As we revealed in the November issue of JUST CARS, the vehicle featured was a JZR, which stands for John Ziemba Restorations. Ziemba, a Morgan enthusiast, started his kit car business in the late 1980s, with the aim of creating a Morgan replica kit. Compare the JZR with a 1930s-era Morgan 3 wheeler and you'll see the similarities. Over the next decade JZR produced over 300 kits, sometimes referred to as the JZR 'barrelback', which were sold to enthusiast builders all round the world. Ziemba stopped manufacturing his kits for the UK domestic market in 1998 over an undisclosed legal matter, although a small number were still exported. Two years later, and in a new factory, sales to the domestic market recommenced. Since then, JZR has continued to build and sell small numbers of the Morgan-style kits and, in 2007, brought out an all-new model, the JZR Daytona.
Unlike the 'traditional' Morgan-style JZR, the Daytona features a rear-mounted 955cc inline triple from a Triumph T595 Daytona motorcycle. The Daytona has apparently met its SVA (similar to our ADRs) requirements to make it road legal, although its future remains unknown amid rumours JZR has ceased manufacture. In standard tune, the Daytona engine produces 128hp, with a further 12 horses available with an aftermarket exhaust system. In the original JZRs, performance depended on the donor engine, with anywhere between 50 and 110hhp available. Moto Guzzi has been the traditional engine of choice for the JZR, closely followed by Honda's CX 500 or 650. A small number have also been fitted with Harley-Davidson Evo V-Twins. In terms of appearance, the Moto Guzzi looks more "traditional" than other engines, and visually fits the vintage look of the JZR. However, if 'go' is more important than 'show' you'll take the route of the JZR shown here and fit a Honda ST1100 motor.
JUST CARS recently had a chance to talk to the current owner of this 1996 model JZR, Paul, who told us that while the big V4 1100cc Honda donk does fit the chassis (it's listed as a factory option), the bigger powerplant does wheelspin, even in 3rd gear! Paul's is one of only six JZRs in the world believed to have the powerplant and rear end from an ST 1100. Upon purchase, Paul drove the JZR all the way back to Melbourne from Sydney, a trip that, while it sounds daunting he apparently found quite enjoyable! With an eye on improved handling and better cornering, the front suspension on this particular JZR was widened 4 inches on each side by the original owner. Paul had few problems getting his JZR registered. Being a fully-engineered 1996 model, it met all the current ADRs on safety, construction, plus environmental health rules on noise, hurdles that many other home-built kits fail to clear.
While components for a JZR have varied, the following list, based on the JZR USA importers, gives a guide as to what you get with a JZR kit.

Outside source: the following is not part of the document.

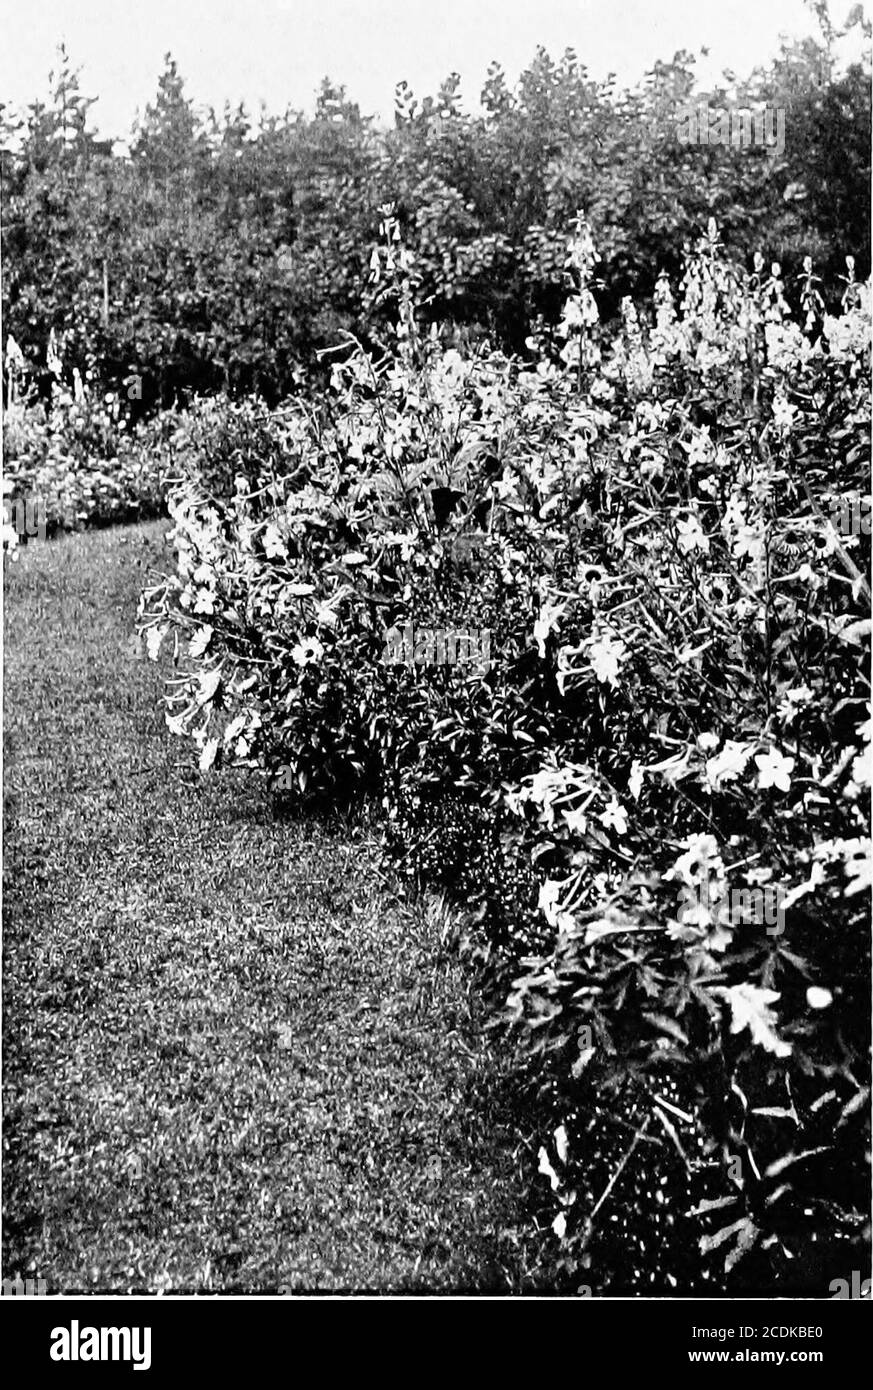 . Der glückliche Garten. Die Grenze entlang der Wand, wo es über die Steine des Hockergartens fällt. Canterbury Glocken sind in den großen Grenzen, aber Larkspurs sind unter den anderen einjährigen erlaubt. Jeder Aspekt hat seine eigene Individualität. Am Ende des Obstgartens enden die Grenzen in lavenderhecken. Säulenrosen – Rubens, Euphrosyne, Leuch-Stern und eine weiße einzelne Rose – markieren sie vom Rasen, und führen sie in ihn ein, wo sich in etwas Abstand ein großer Busch befindet – vier oder fünf Meter hindurch – der einzigen weißen Polyanthus-Rose, der geliebten Miss Jekyll, deren Bücher ein notwendiger Bestandteil jeder Gärtnerentwurfe sind Stockfoto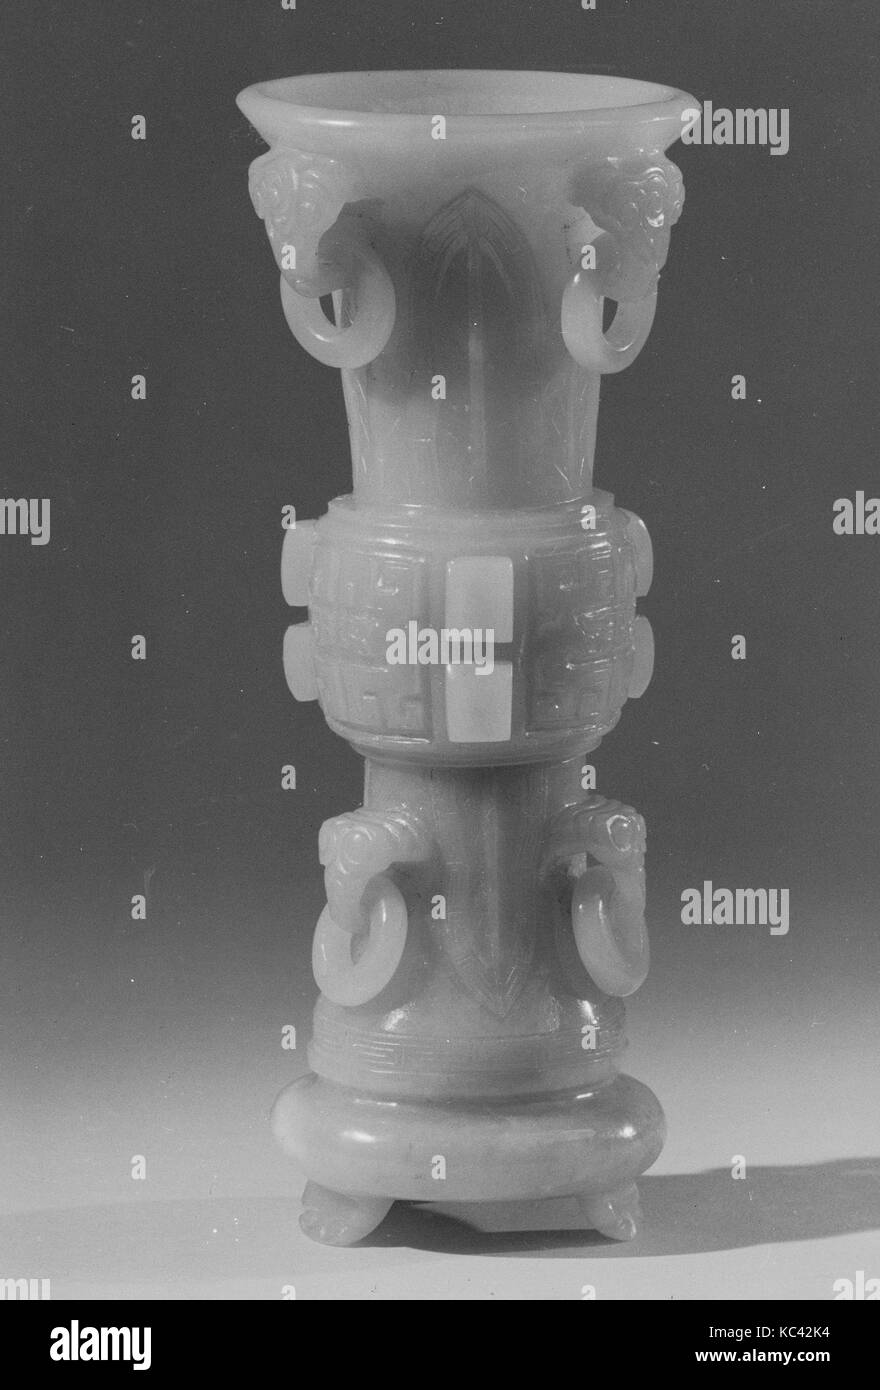 Vase, 19th century, China, Jade, H. 5 3/4 in. (14.6 cm); Diam. 2 1/4 in. (5.7 cm), Jade Stock Photo

- chassis with integrated lower body
- fibreglass upper body panel
- front suspension A arms
- engine mounts
- stainless steel exhaust pipes
- extended driveshaft
- front coilover shcks
- pedal assemblies (throttle, brake & clutch)
- gear shifter and linkage
- steering column
- stainless steel tie bar
- drive shaft cover
- front A-arm ball joints (upper & lower)
- windshield frame
- speedometer drive
- fuel tank 6.5 gallons
- fender brackets and fenders
- dash blank
- parking brake lever assembly
Aside from the engine, the donor motorcycle parts required include the transmission, rear swing arm, muffler, rear wheel & tyre, rear shocks, speedo & tacho gauges, wiring, battery, turn signals and tail/brake light. Buyers are also required to supply rack and pinion steering, front brake assembly, fuel pump, brake master cylinder, steering wheel, front wheels & tyres and upholstery. While most UK examples tend to use a mixture of Ford, MG and sometimes even Citroen 2CV parts for the front end, the JZR shown here uses Ford front disc brakes, Steering gear from a Fiat Panda, Spax shocks & springs (mated to wishbones of JZR's own manufacture) and MG wheels. Headlights are believed to be bespoke units.
Of the approximately six known examples of the JZR in Australia, Paul's example is believed to be the only one in Victoria. Interestingly, one of the two JZRs in NSW has been converted to full hand-control operation for use by a paraplegic driver. Enthusiasts group, the JZR Pilots Association, estimates 320 JZRs - in the original style - were produced, with owners in New Zealand, Germany, Australia and even Rwanda!